Activity>
Transcribe the data exactly, omitting whatever pictures it holds.

Data>
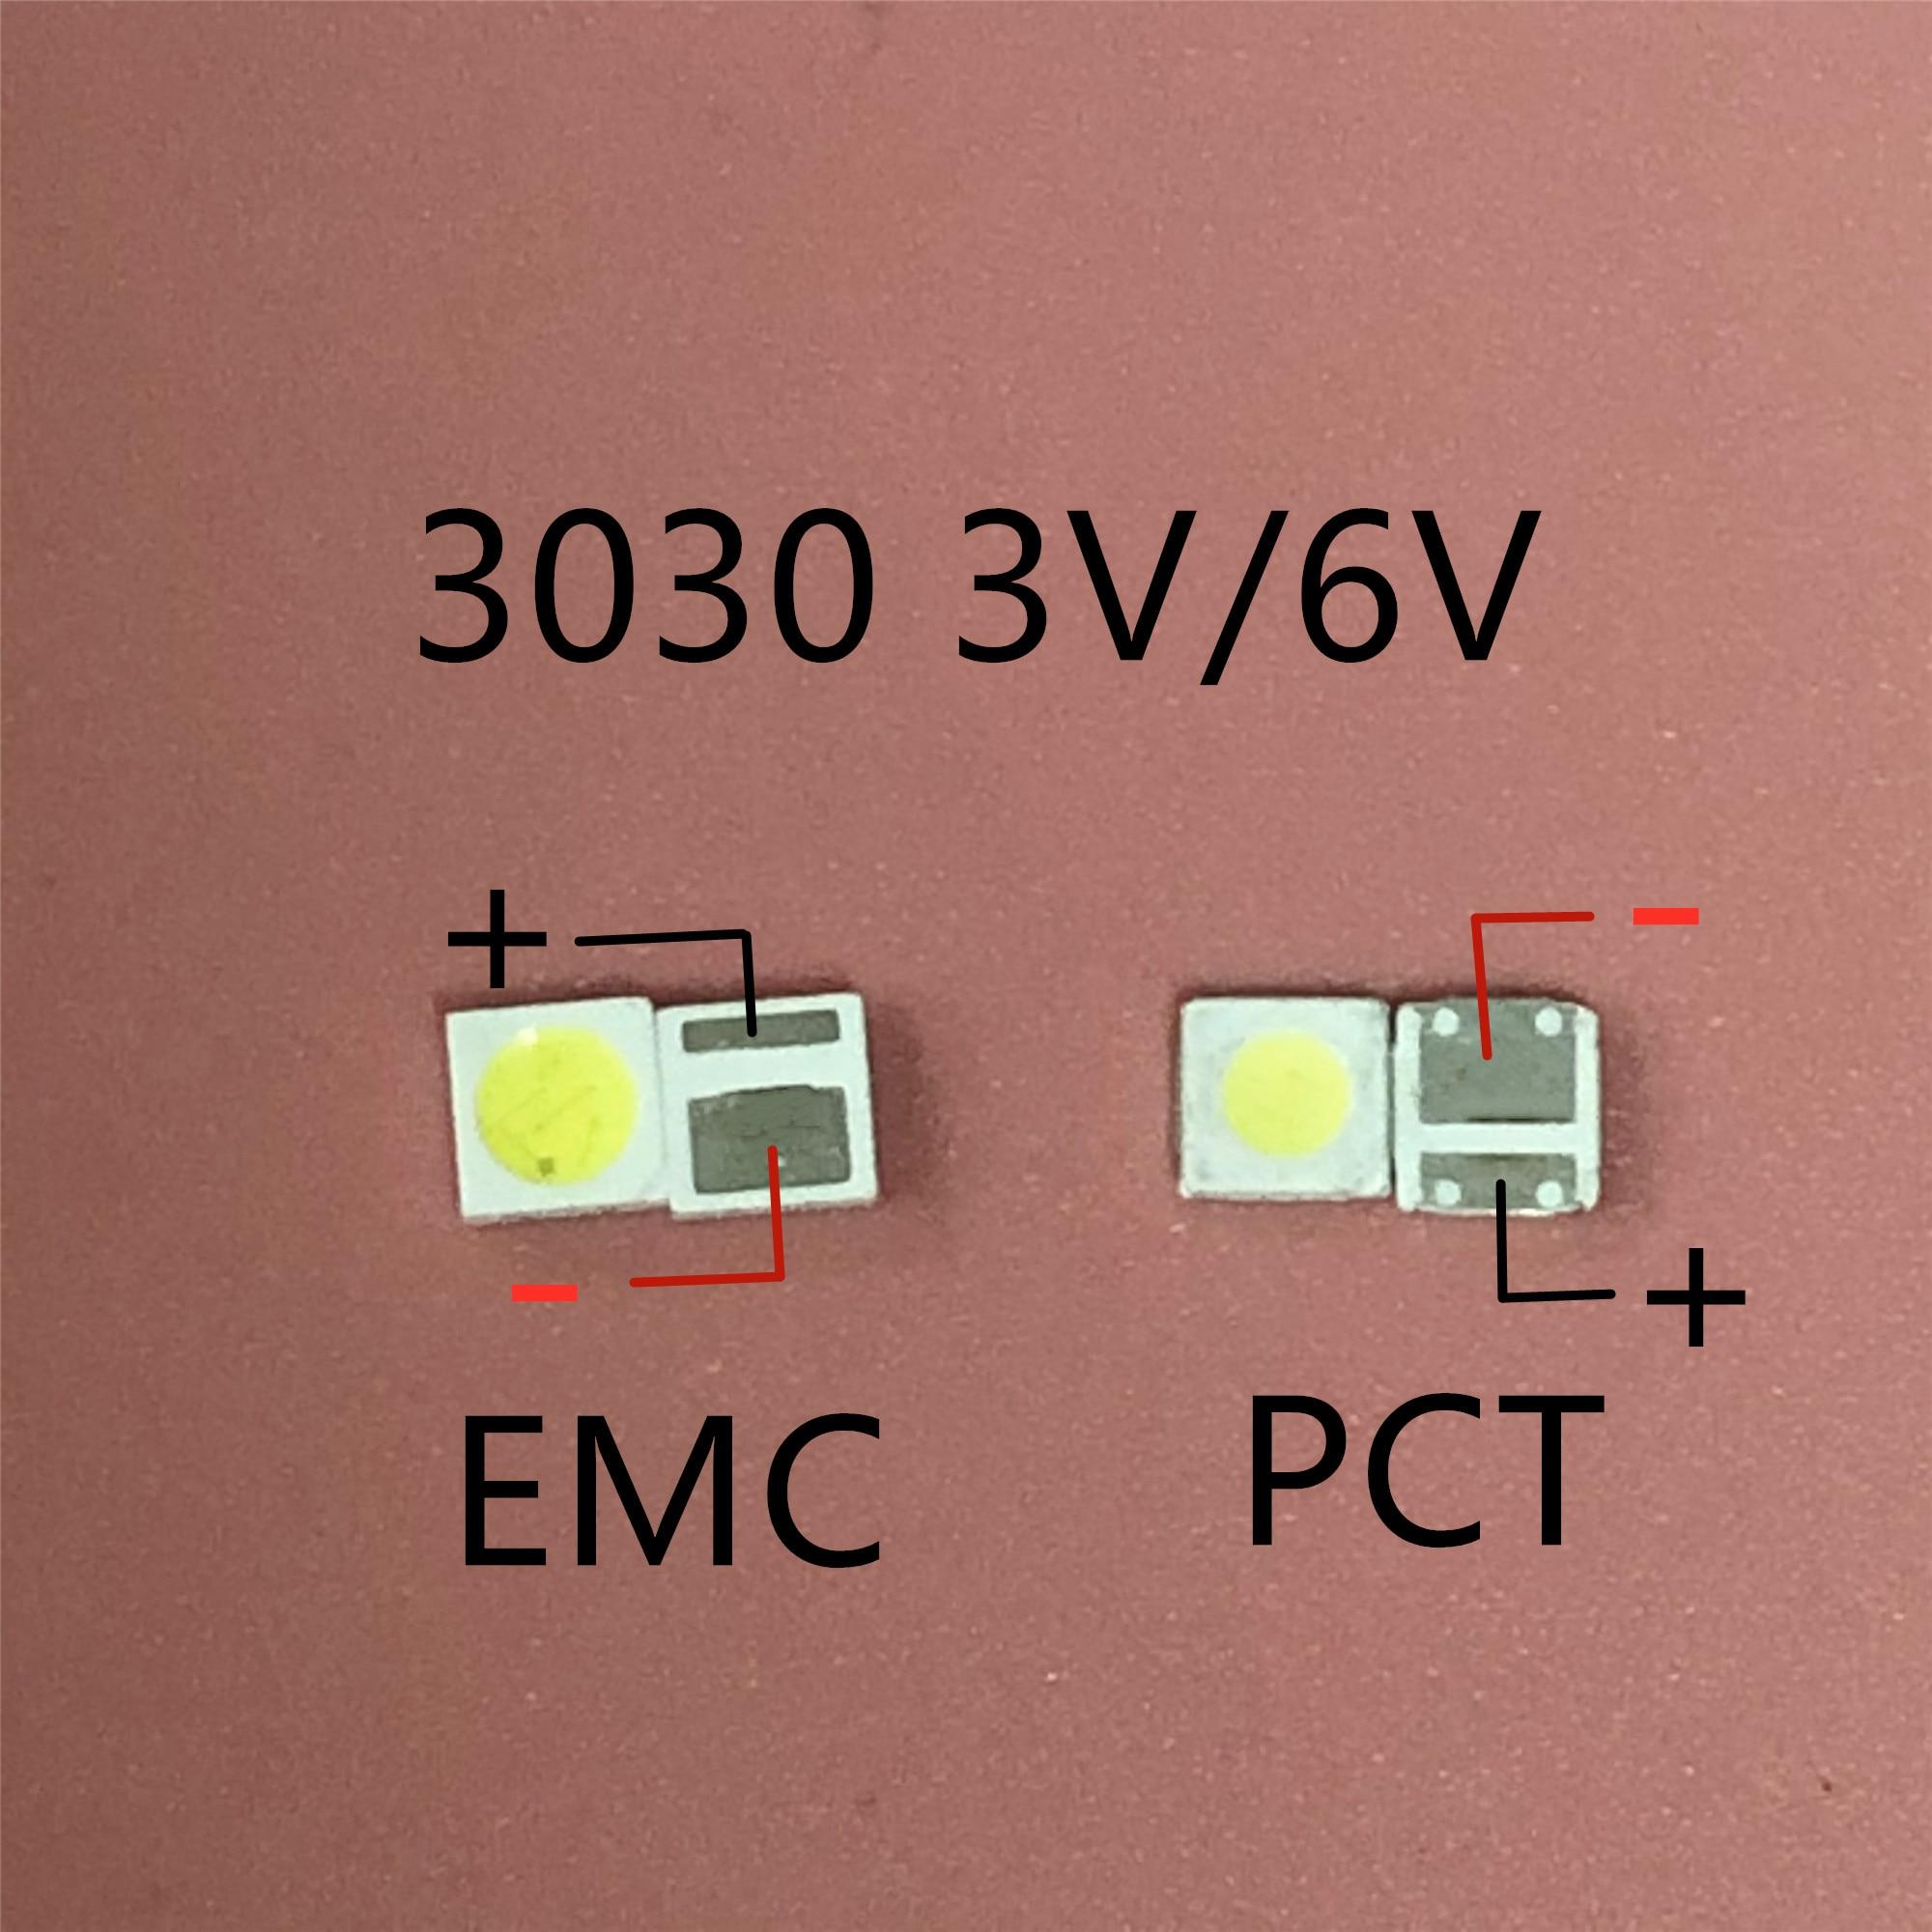 Светодиодный светильник с подсветкой, 1 Вт, 1,5 Вт, 2 Вт, 3030, 3 в, 6 в, холодный белый, 80-90 лм, для ТВ-приложения, новый PCT, EMC, светодиодный, 3 в
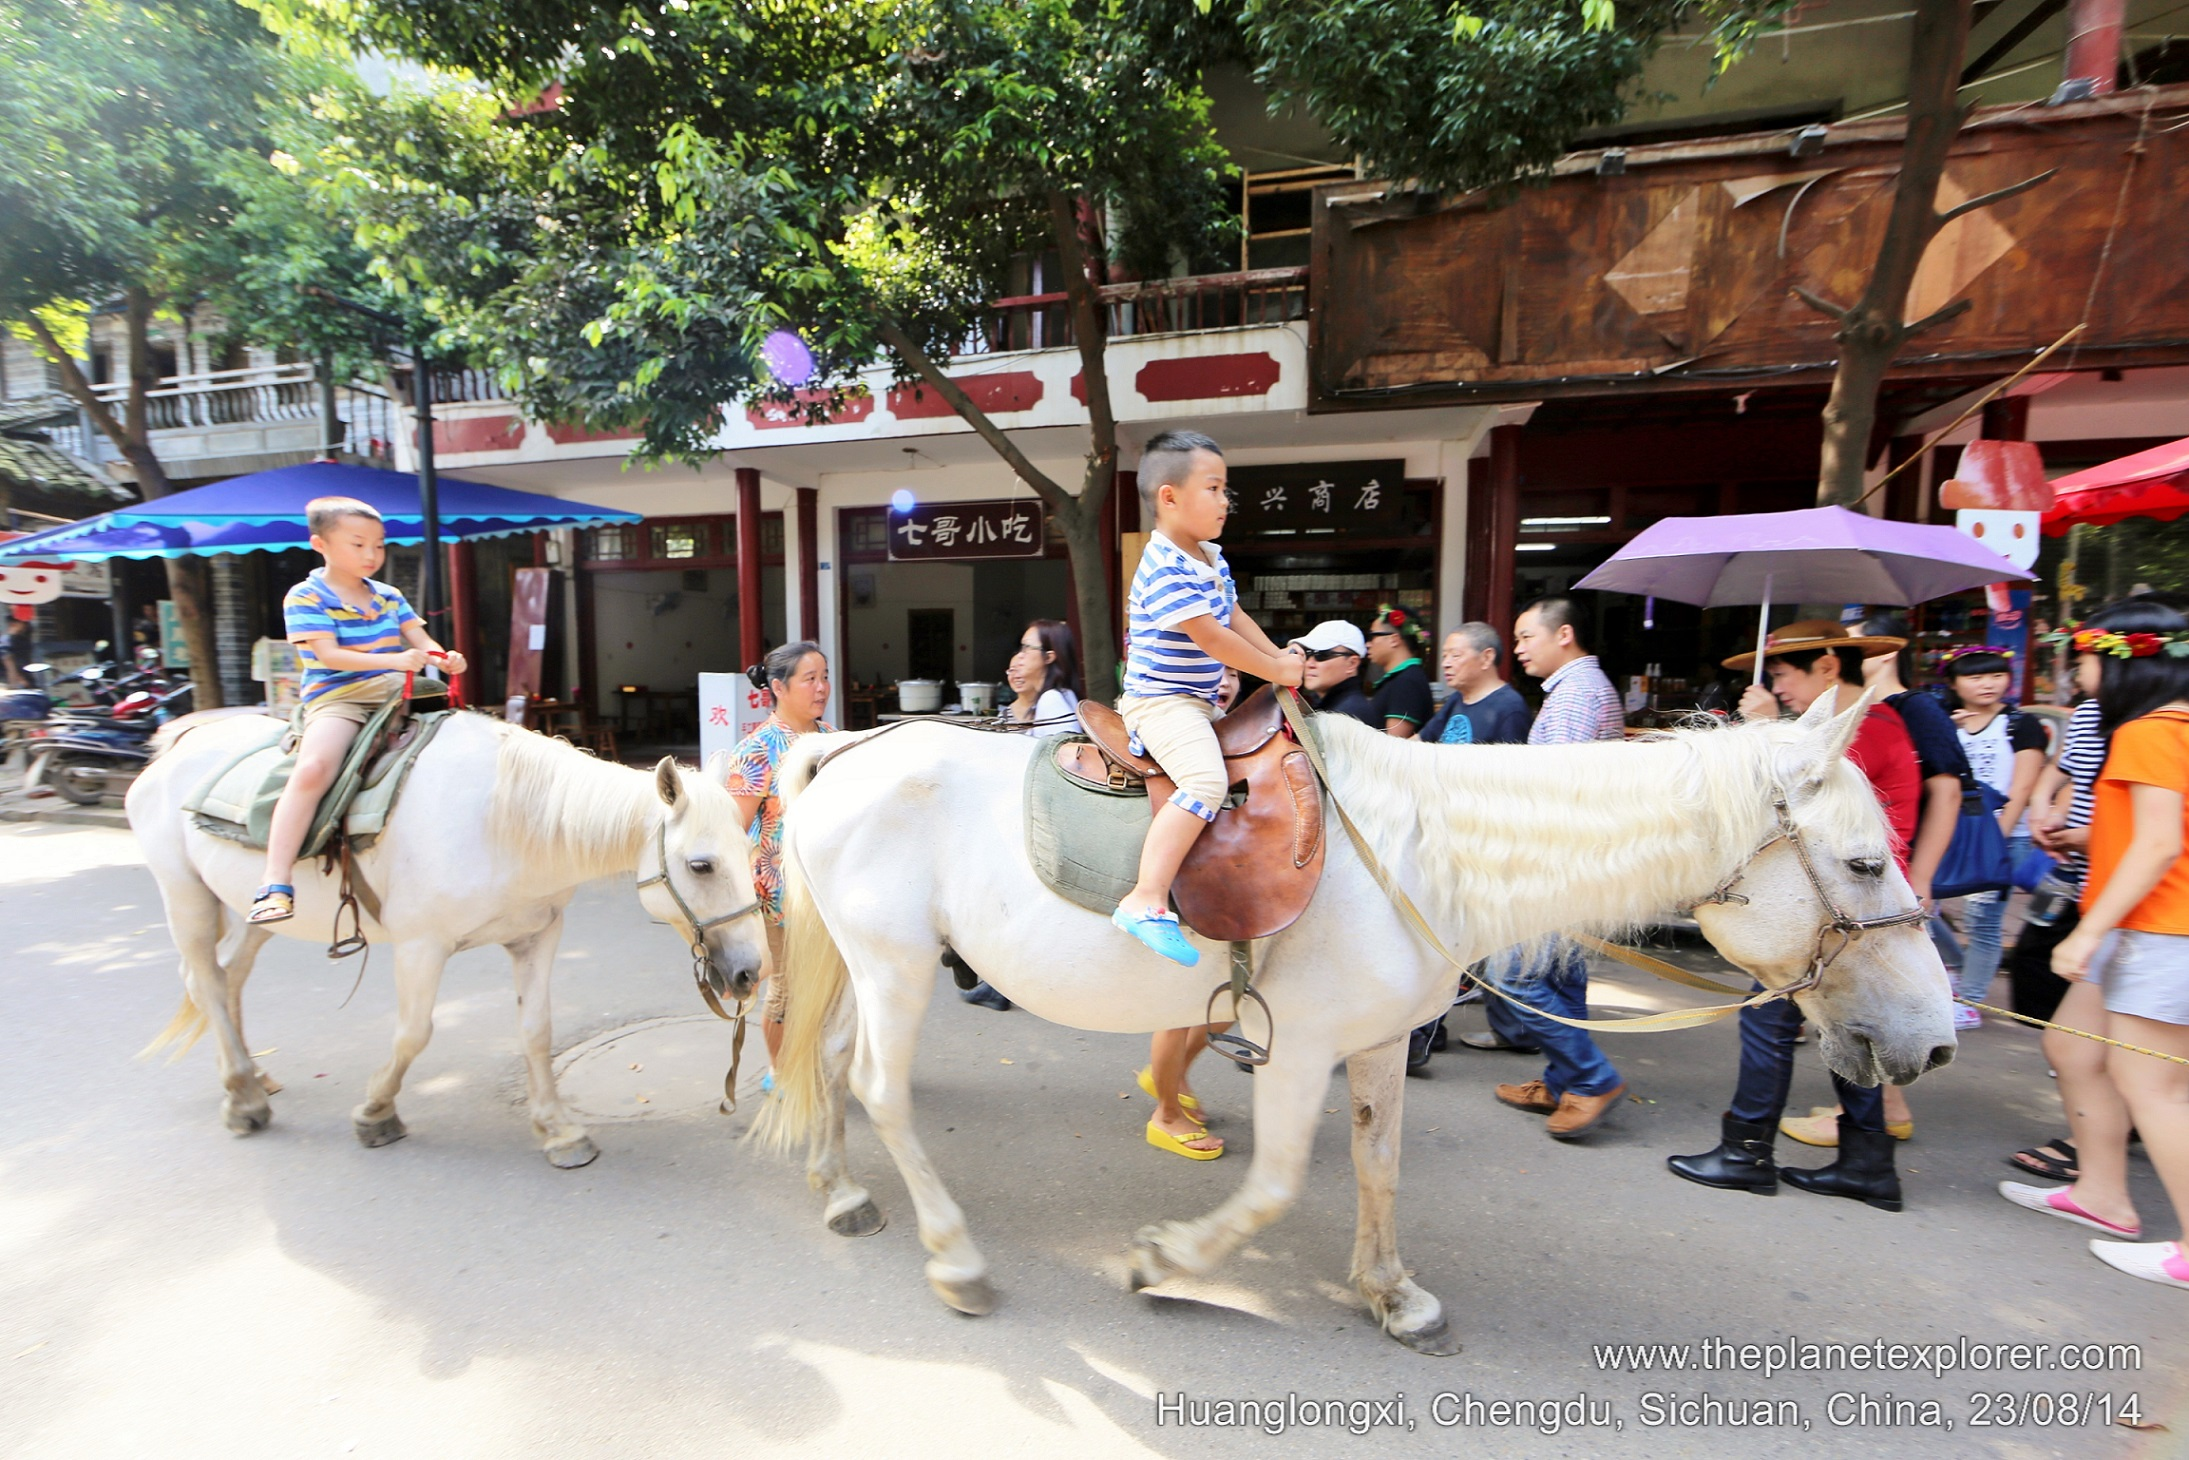 2014-08-23_1600_china_sichuan_chengdu_huanglongxi_horse-riding_lr_nw
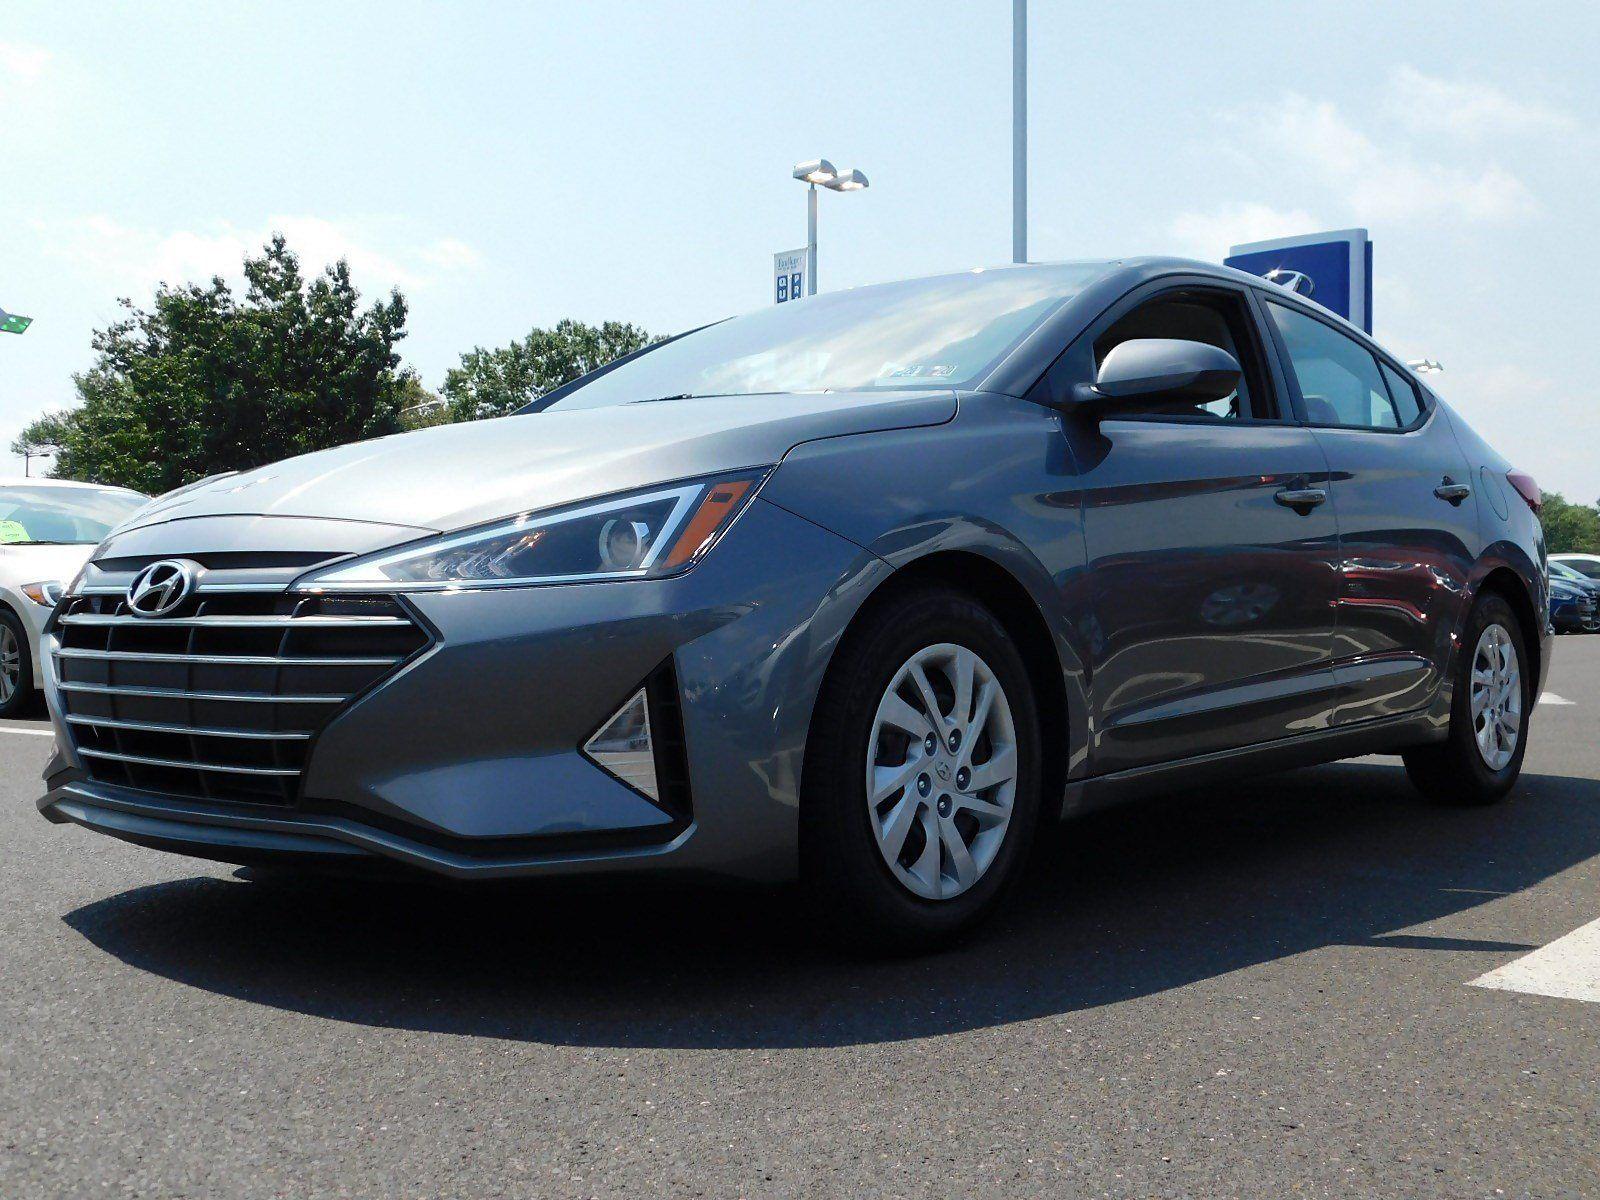 2020 Hyundai Elantra Sedan History In 2020 Hyundai Elantra Elantra Hyundai

Response area>
 Светодиодный светильник с подсветкой, 1 Вт, 1,5 Вт, 2 Вт, 3030, 3 в, 6 в, холодный белый, 80-90 лм, для ТВ-приложения, новый PCT, EMC, светодиодный, 3 в
 2014-08-23_1600_china_sichuan_chengdu_huanglongxi_horse-riding_lr_nw
 2020 Hyundai Elantra Sedan History In 2020 Hyundai Elantra Elantra Hyundai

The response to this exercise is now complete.